» **EXTRACTED DATA**:
----

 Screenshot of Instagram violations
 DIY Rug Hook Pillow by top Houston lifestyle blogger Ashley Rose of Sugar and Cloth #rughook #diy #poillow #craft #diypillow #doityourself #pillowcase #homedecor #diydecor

----

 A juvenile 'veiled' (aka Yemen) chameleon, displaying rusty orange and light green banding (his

----

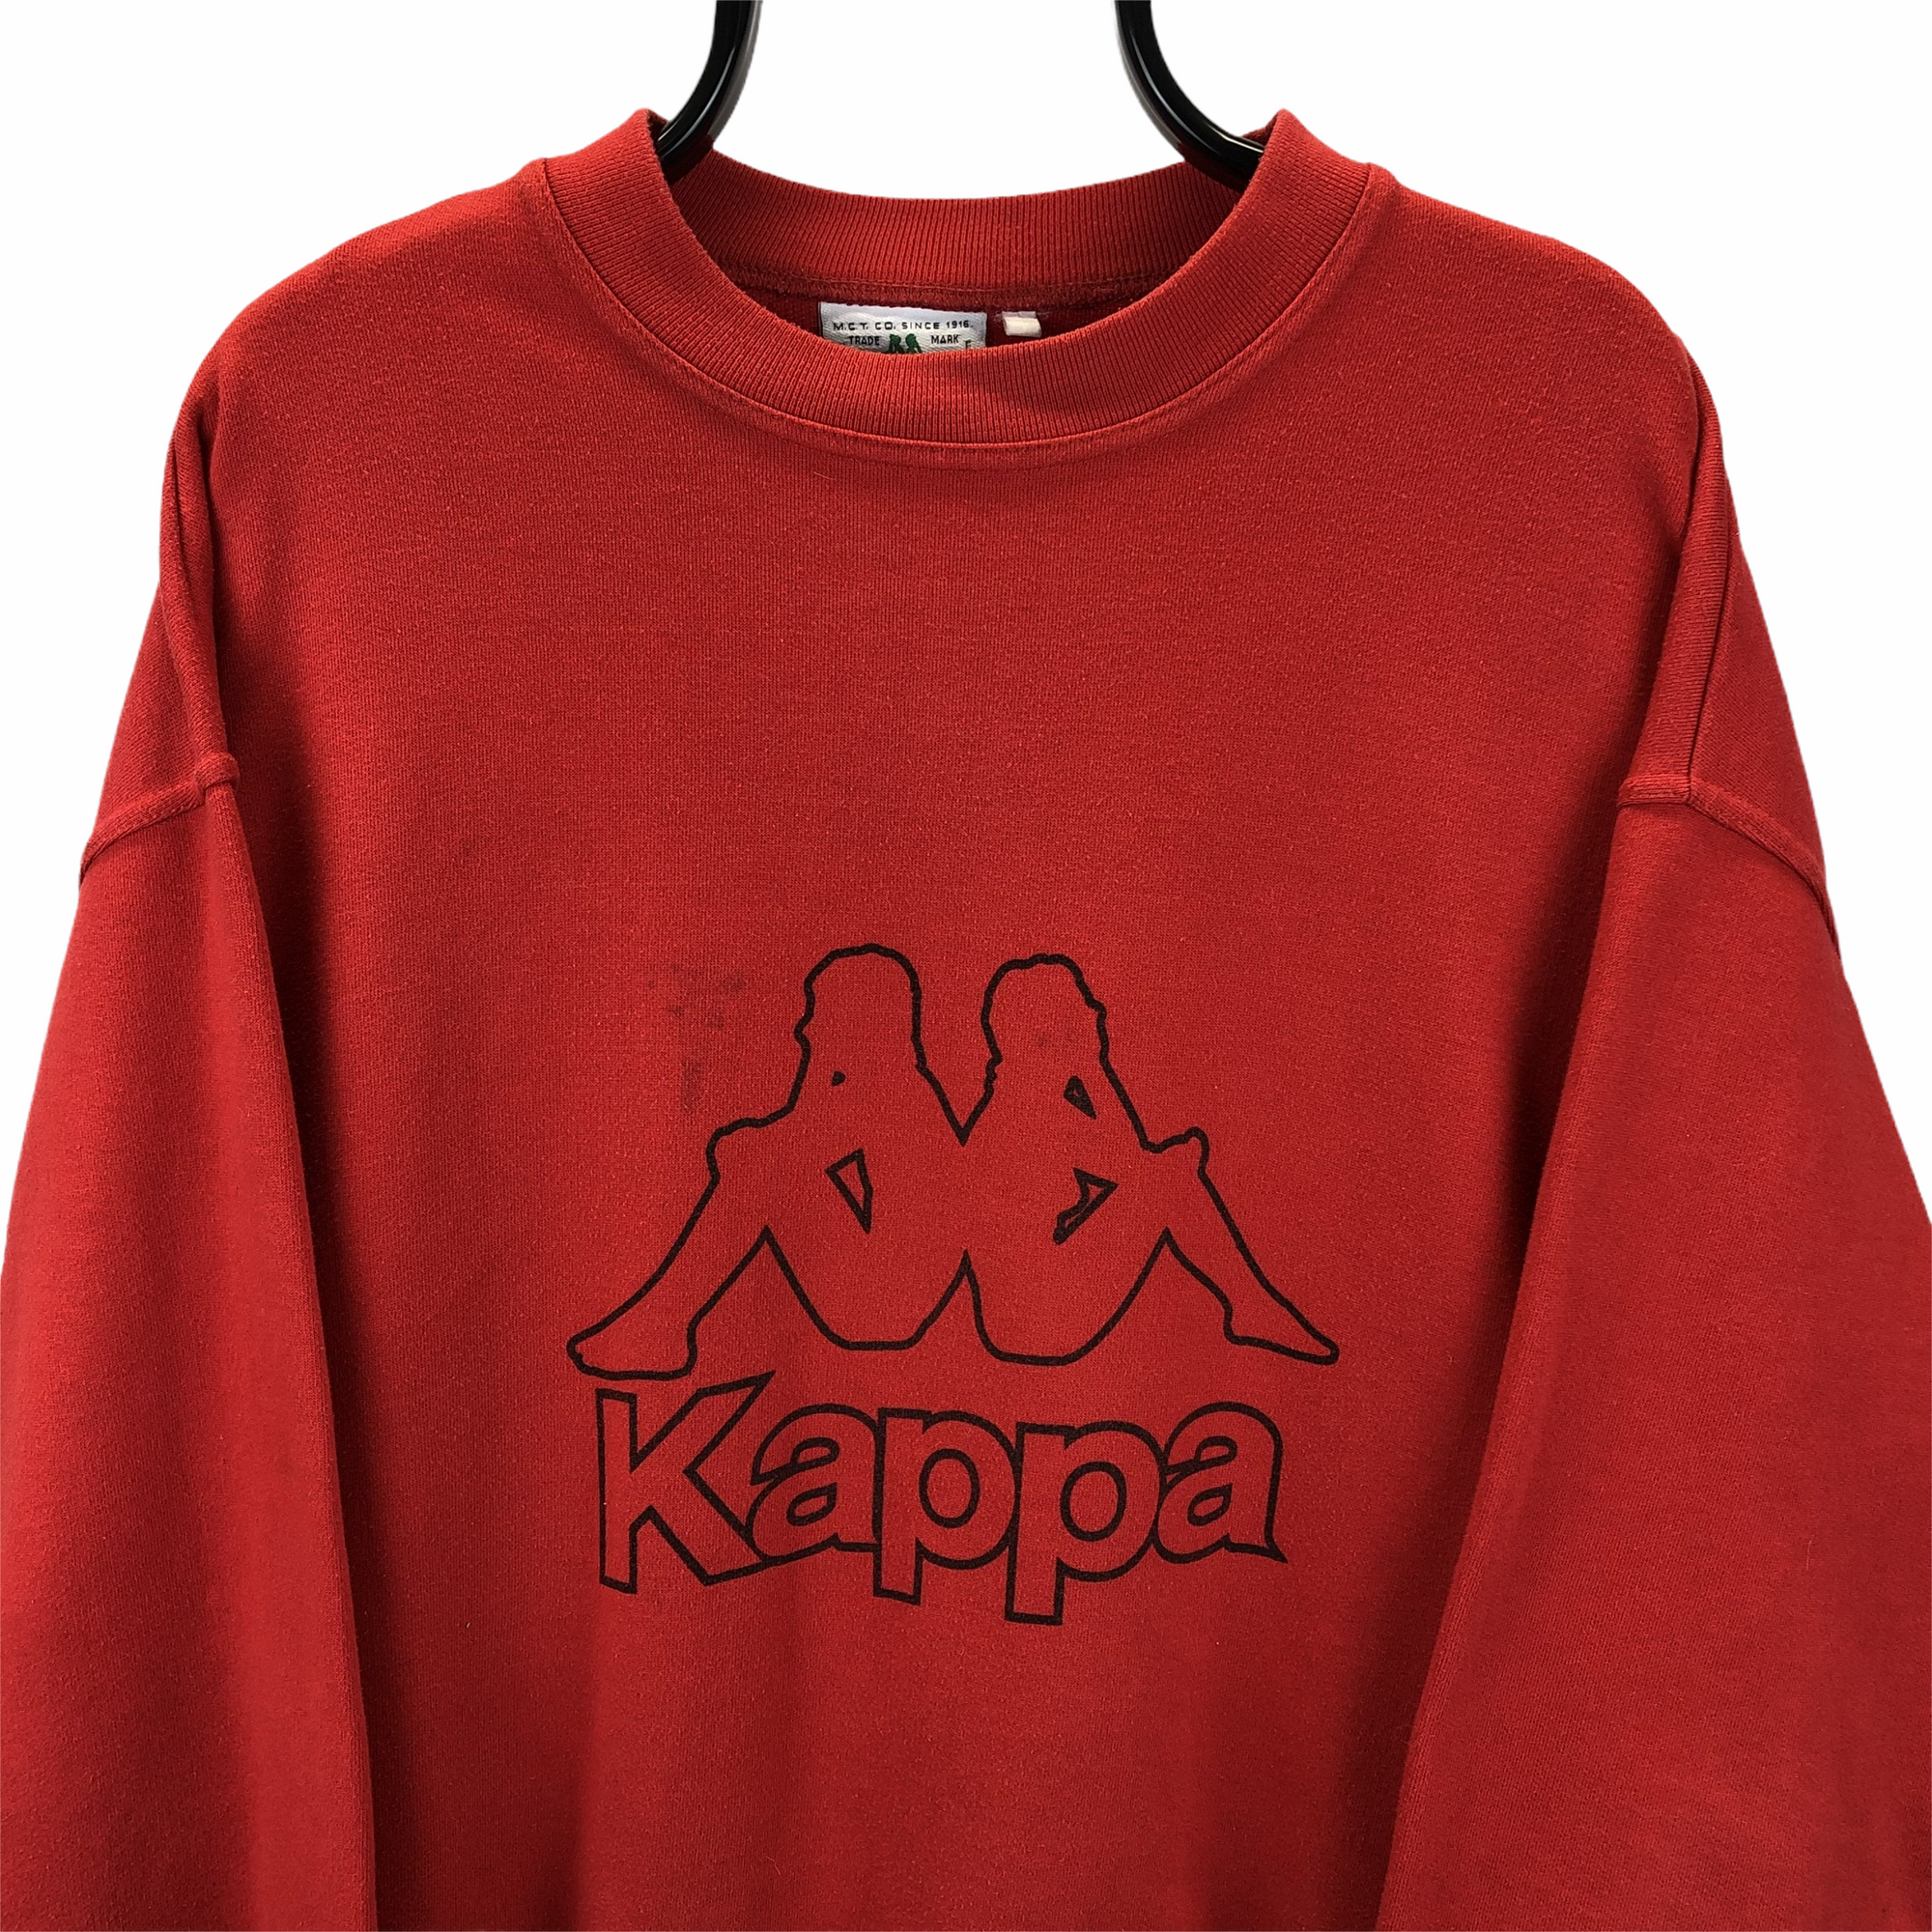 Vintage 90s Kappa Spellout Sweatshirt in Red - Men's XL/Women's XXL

----

» **EXERCISE PROMPT**:
The entries above hold the needed span. Transcribe exactly the lines from the one with "Screenshot of Instagram violations" to the one with "DIY Rug Hook", both included.

» **RESPONSE TO THIS EXERCISE**:
 Screenshot of Instagram violations
 DIY Rug Hook Pillow by top Houston lifestyle blogger Ashley Rose of Sugar and Cloth #rughook #diy #poillow #craft #diypillow #doityourself #pillowcase #homedecor #diydecor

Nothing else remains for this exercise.